Member of the Michigan House of Representatives from the Tuscola County district
- In office January 1, 1935 – December 31, 1942
- Preceded by: D. Knox Hanna
- Succeeded by: James Kirk

Elkland Township Supervisor
- In office 1931–1936

Personal details
- Born: William Audley Rawson April 5, 1893 Marlette, Michigan, US
- Died: September 27, 1981 (aged 88) Pinellas Park, Florida, US
- Party: Republican
- Spouse(s): Mary Lena Day (1914-1969) Mildred Hutchinson (1971-1981)
- Alma mater: Michigan Agricultural College

= Audley Rawson =

American politician

William Audley Rawson was a Republican member of both houses of the Michigan Legislature, representing portions of the Thumb from 1935 through 1946.

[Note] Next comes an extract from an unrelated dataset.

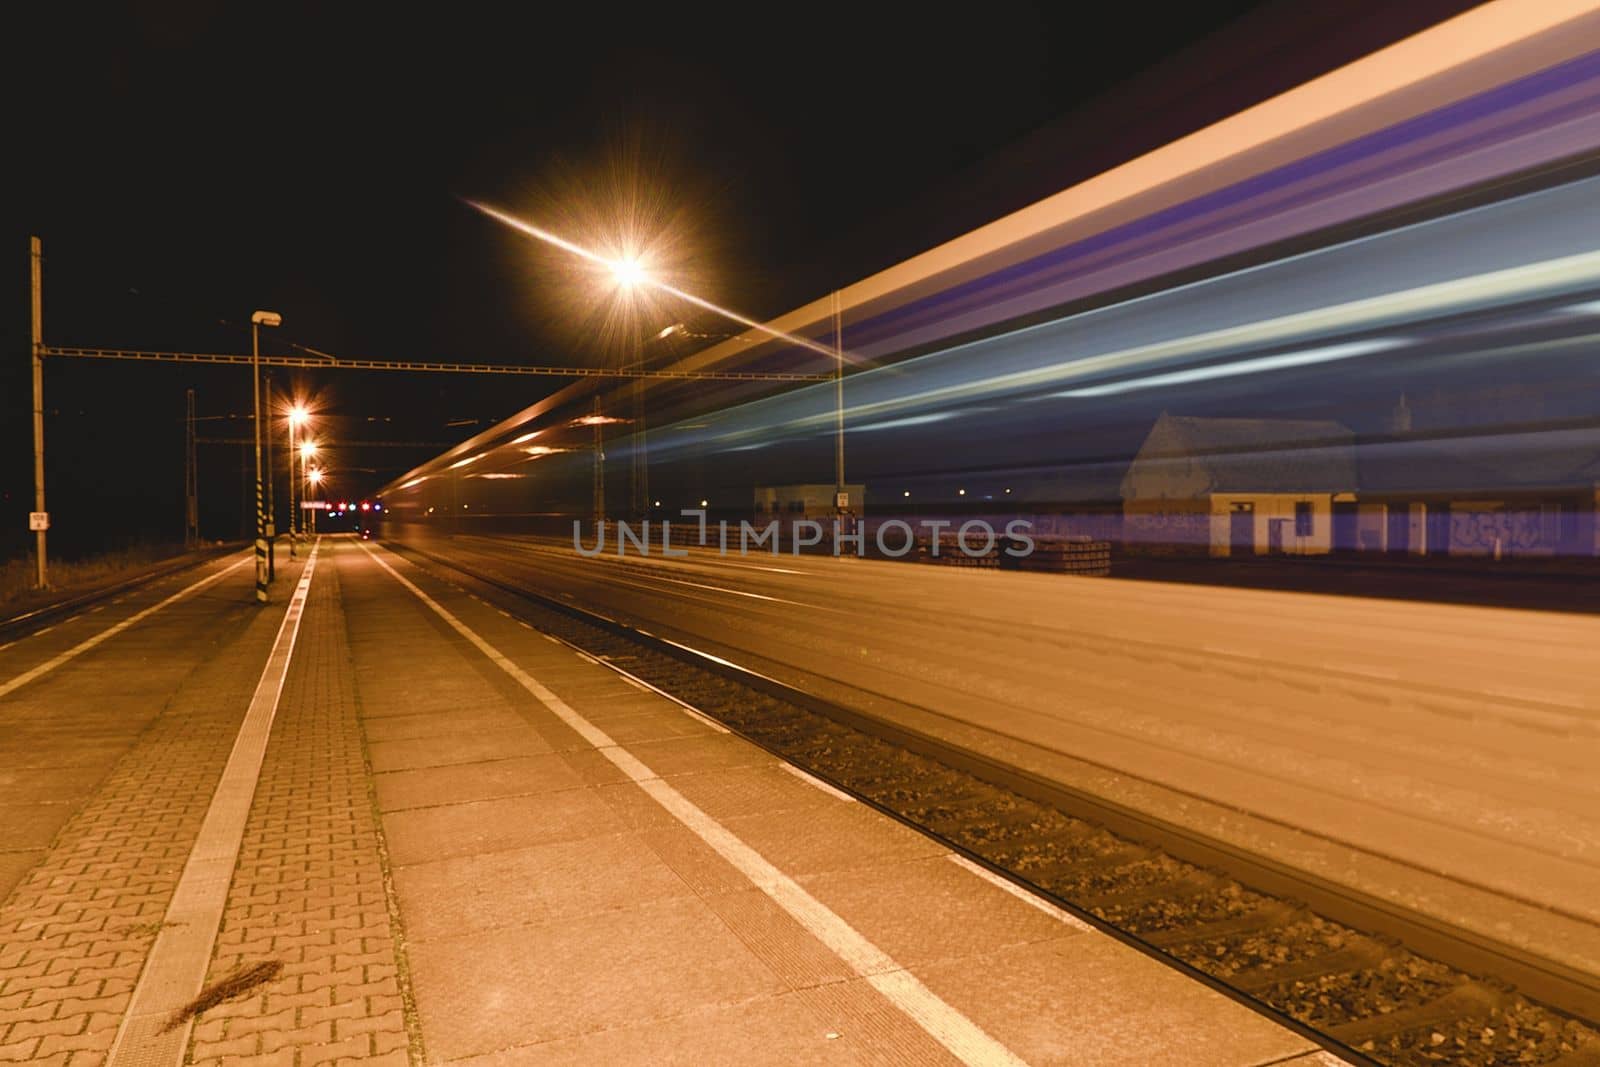 Light trail of the express train in the railway station at the night. Railway platform a the night by roman_nerud

Born near Marlette, Rawson was elected township supervisor of Elkland Township in 1930. He was elected to the Michigan House of Representatives for Tuscola County in 1934, where he served four terms. Rawson was then elected to the Michigan Senate where he served two terms.

After retiring from political office, Rawson was a lobbyist for the Michigan Association of Insurance Companies. He was an alternate delegate to the 1944 Republican National Convention, a member of the Michigan Republican State Committee, and chairman of the Tuscola County Republican Party.

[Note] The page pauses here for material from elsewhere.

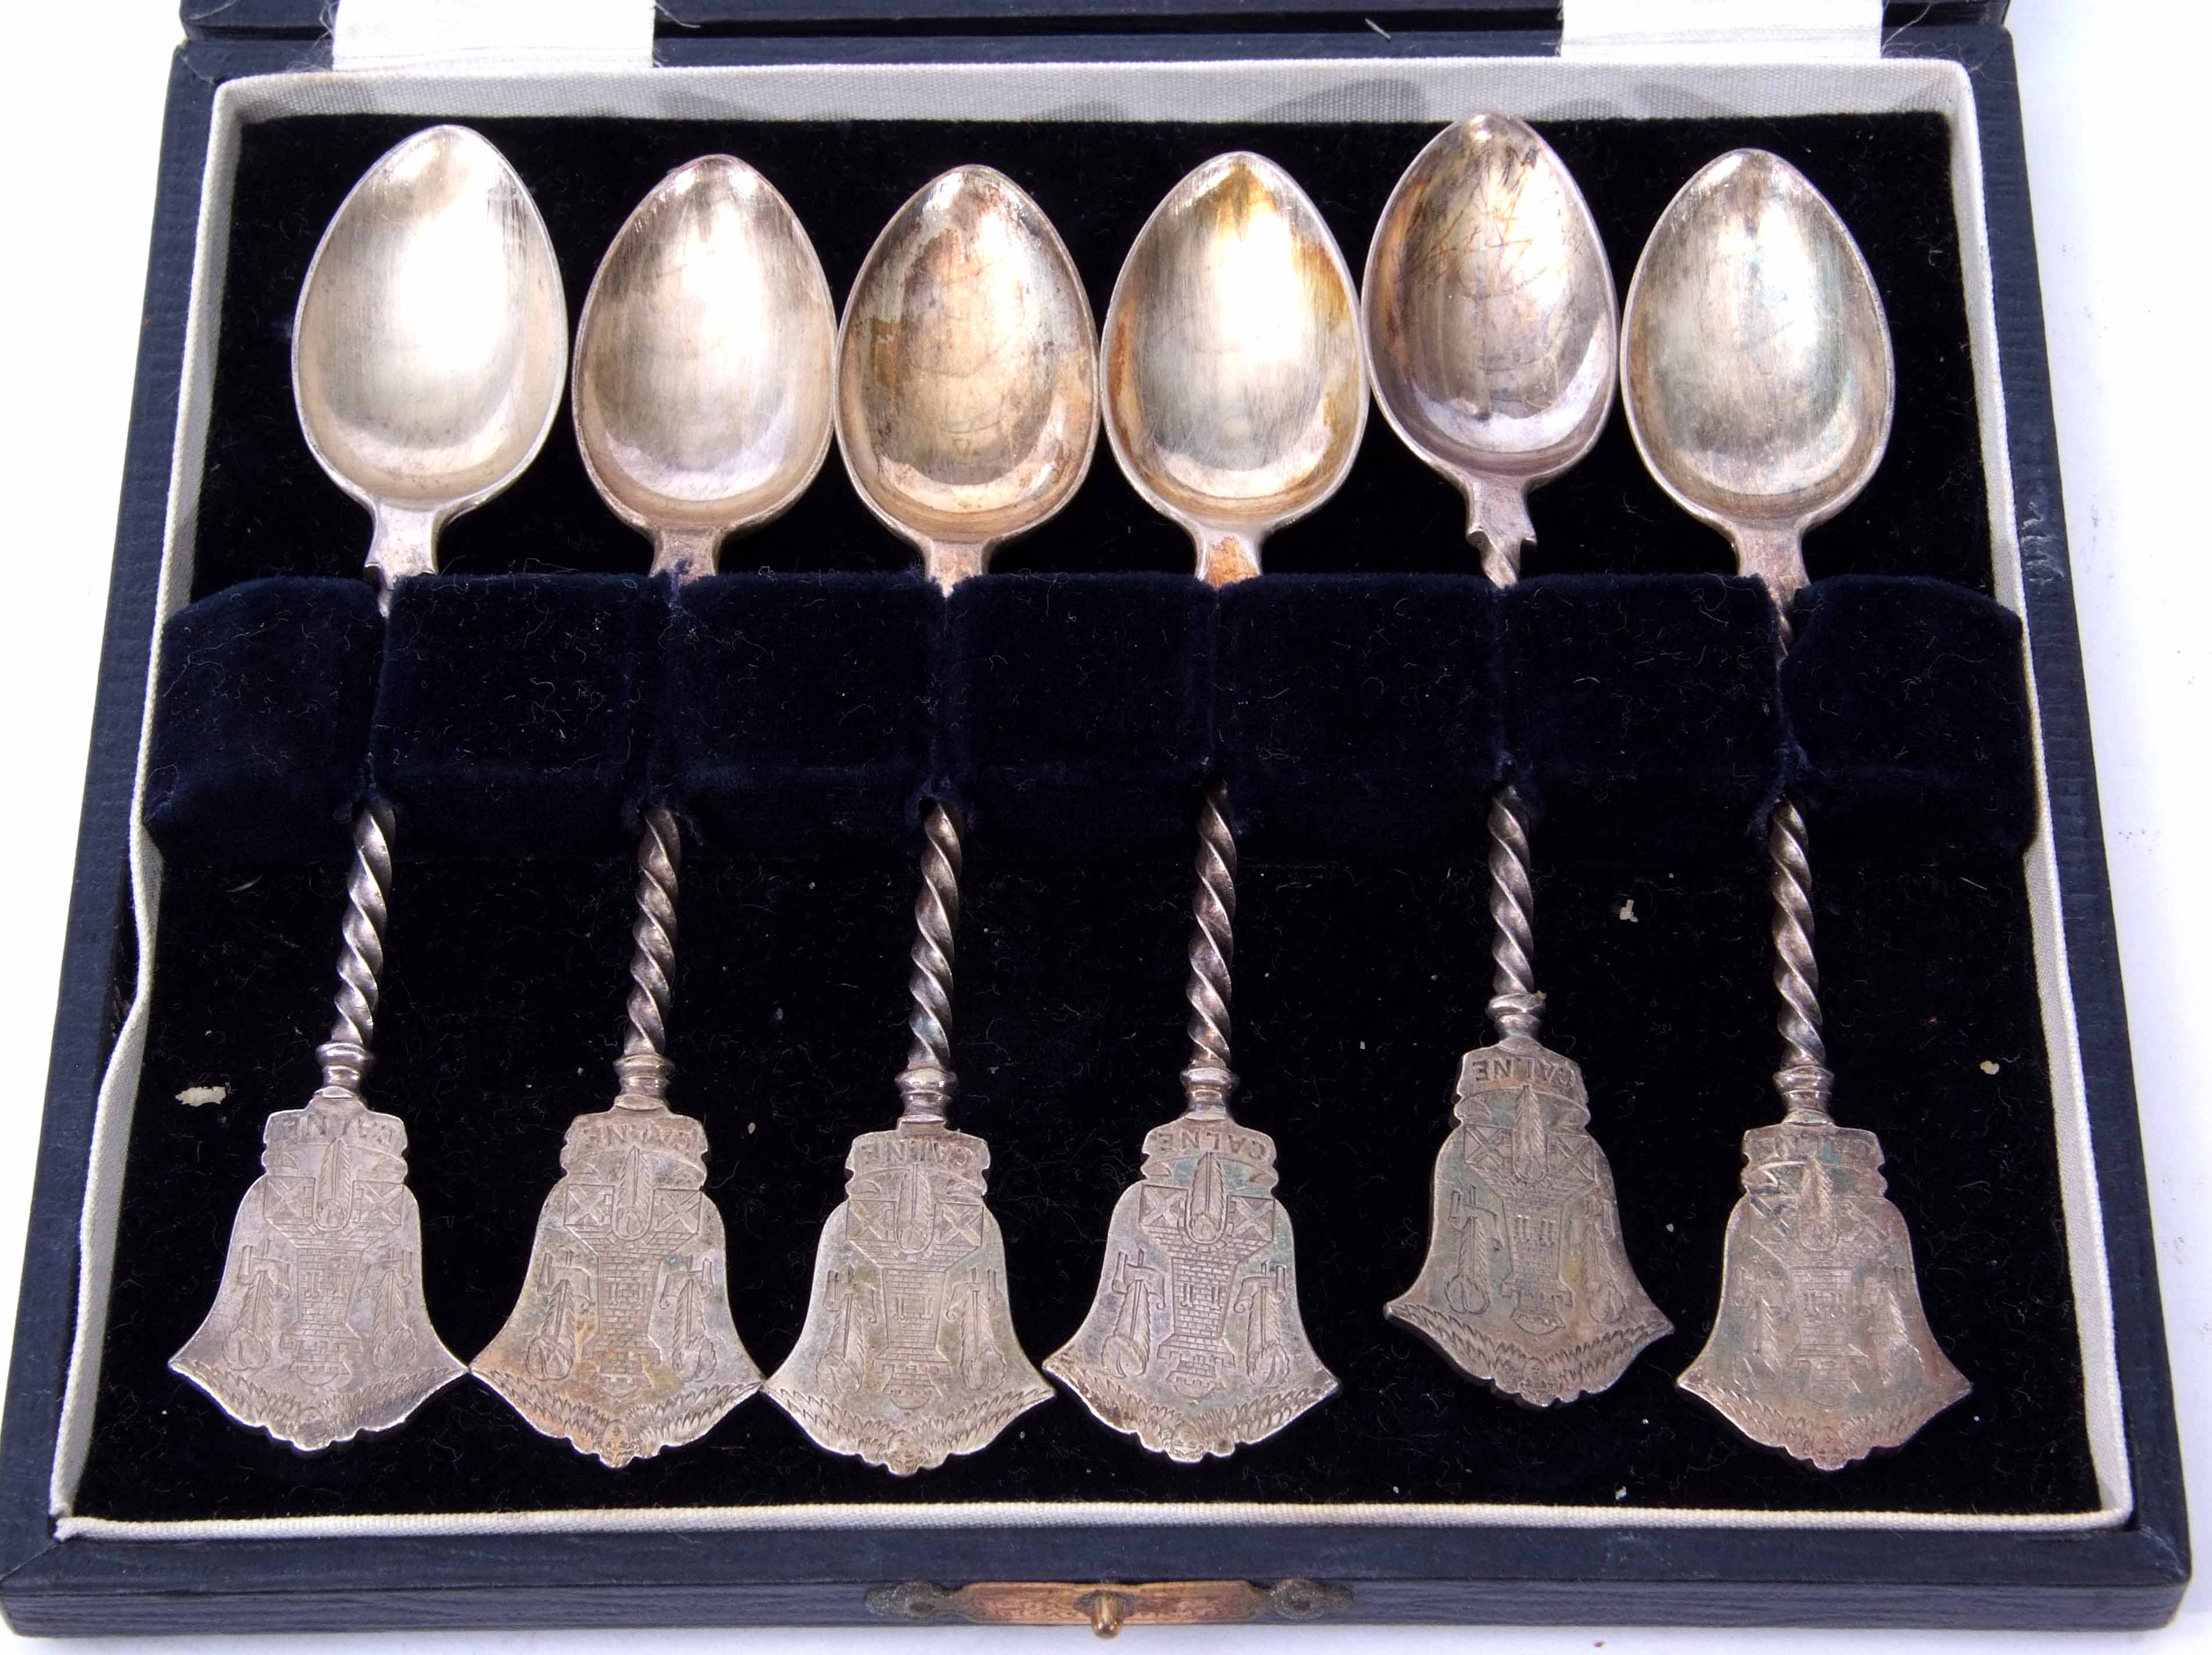 Cased set of six Edward VII tea spoons, each with twisted stems and shield shaped finials with

In 1958, Rawson and his first wife Mary established the Rawson Foundation which continues to provide scholarships for graduates of Cass City High School. The trust fund also helped establish the Rawson Memorial Library in Cass City in 1970. Rawson was named Cass City Citizen of the Year in 1971.

Rawson died of a heart attack in Pinellas Park, Florida on September 27, 1981, aged 88.